Interesting ideas, but I wonder if War hasn't been evolving faster than our ability to reject it in social and political terms. Perhaps we can prevail on one another to no longer have our young people engage each other in combat. But what about drone strikes? Already there is research into software routines that will select targets and attack them without human intervention. If we continue down this path, will "War" be rendered such an abstraction that we will no longer even recognize what it is?

May. 25 2012 11:26 AM
foodaggro from Brooklyn

I really like Chappell's argument that we fight wars because we want to protect our loved ones. However, it doesn't take much for human beings to act violently toward one another, and when it comes to following orders, we become robots. Just look at the Nazis and other dark periods of history.
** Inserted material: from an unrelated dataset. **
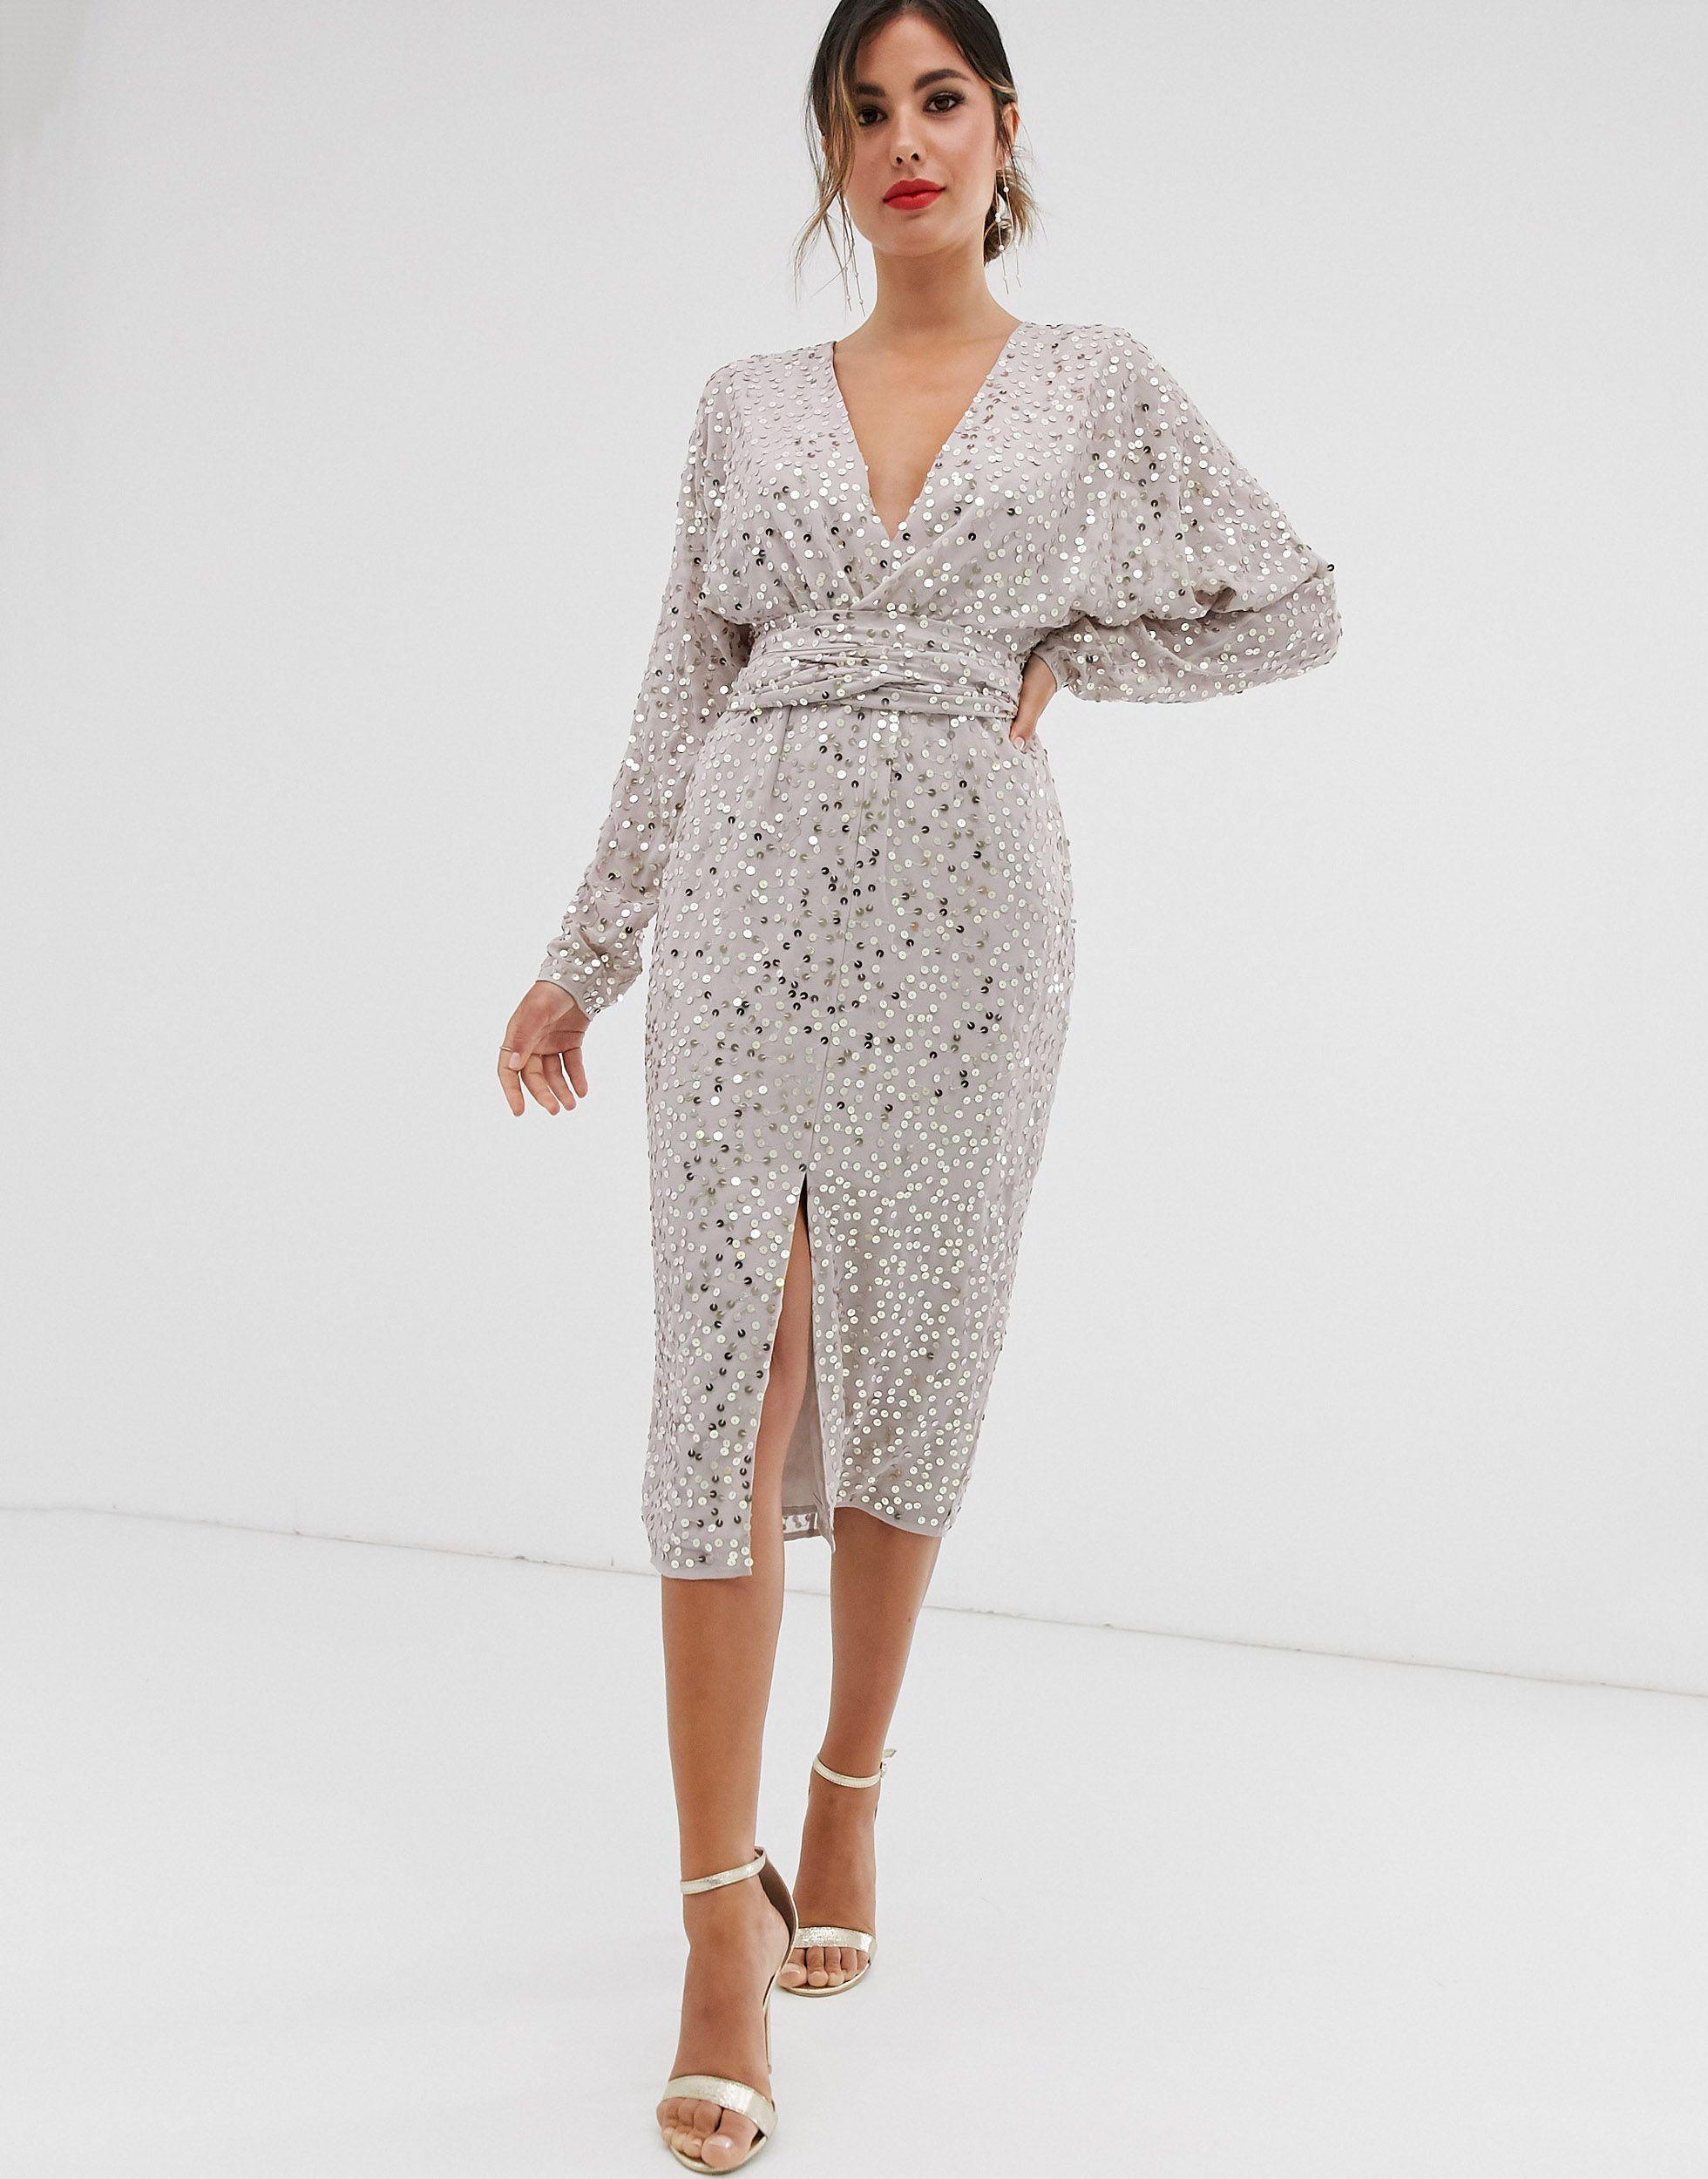 ASOS Synthetic Midi Dress With Batwing ...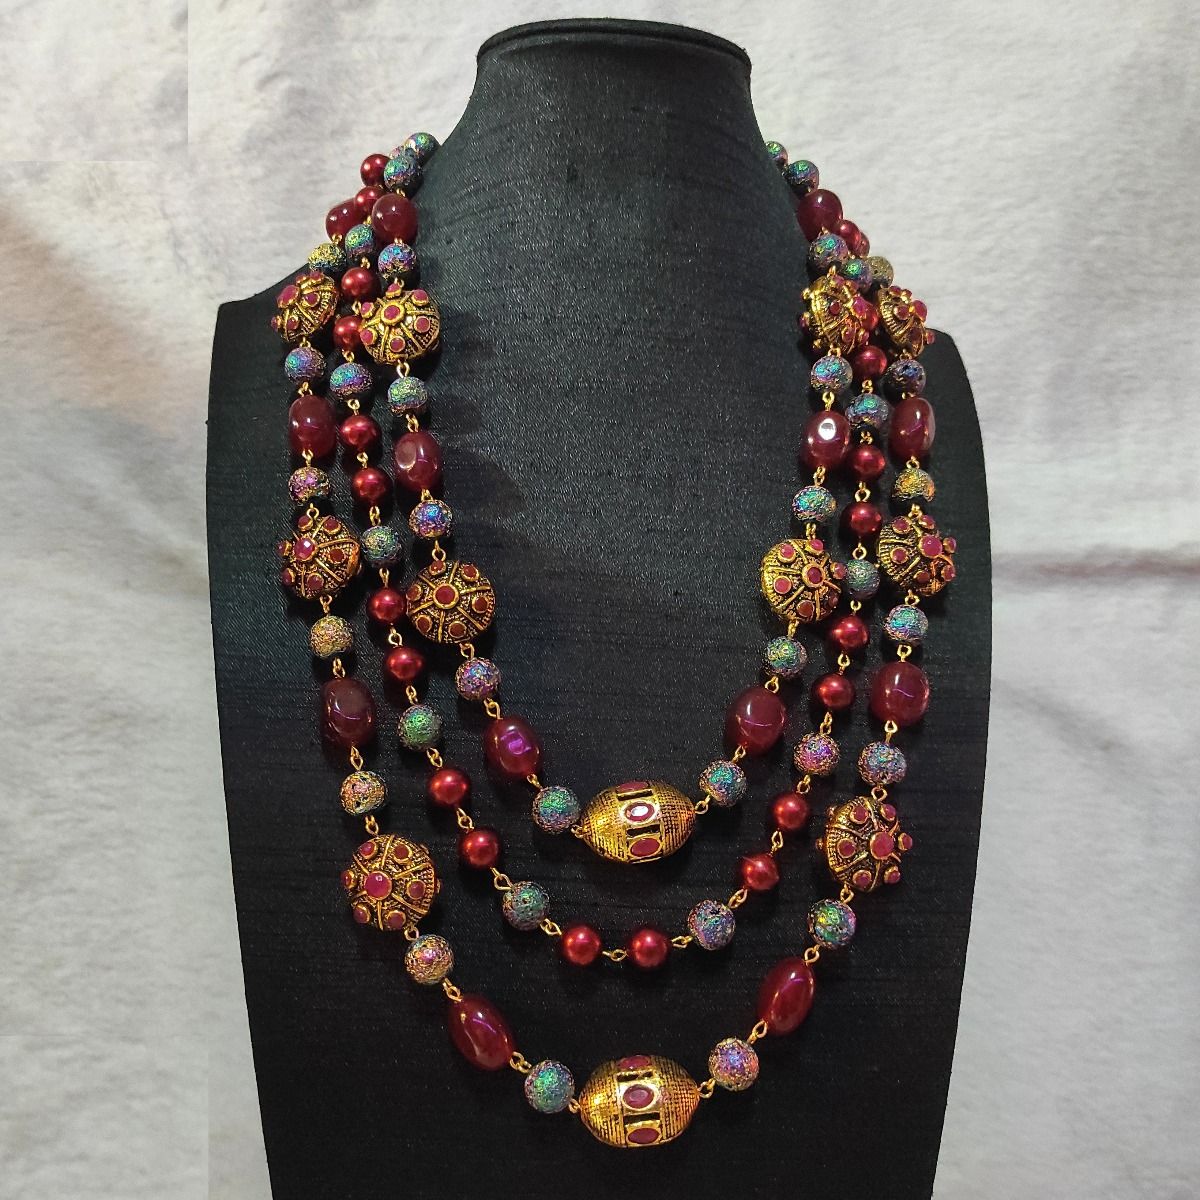 High Quality Joypuri Beads, Multicolor Pearl & Stone Necklace

I am sad to say that I see humankind as inherently violent. However, I do believe that we can change. It will take a very long time and a lot of major changes within us. It may even take a visit from an alien species to show us the way.

May. 25 2012 11:25 AM
John A.

Penalty for starting war - Death. Oops that doesn't work.
Still, I'm listening intently.

May. 25 2012 11:24 AM
Mike Levine from Brooklyn

I don't recall the word "warior" being used to describe soldiers in previous wars.
I now hear it all the time; as in "wounded warriors".
Has the all volunteer military created a "warrior class?

May. 25 2012 11:23 AM
Bella from Brooklyn

Genocide seems to engage a disgust response, not an empathetic one. Also, curious to know what makes the Captain believe man can/must be categorized as either violent or nonviolent. Both sides seem like untenable positions.

May. 25 2012 11:22 AM
Jesse

Uh, no. Joining the army for centuries has been about elevating yourself out of poverty.

The Roman soldiers did not give a flying fudge about fighting Visigoths. They did it for money. They weren't fighting for anything noble.

And most armies of the ancient world were mercenary. They fought for money. Not beliefs. This bro is straight wrong.

May. 25 2012 11:20 AM
albert kaufman from Brooklyn

One way to start to end war is to eliminate weapons manufacturing. So, (1) why has there not been an exposé of weapons manufacturers?; (2) why have peace demonstrators not picketed weapons factories?; (3) why hasn't there been violence against weapons factories and manufacturers similar to those against abortion providers?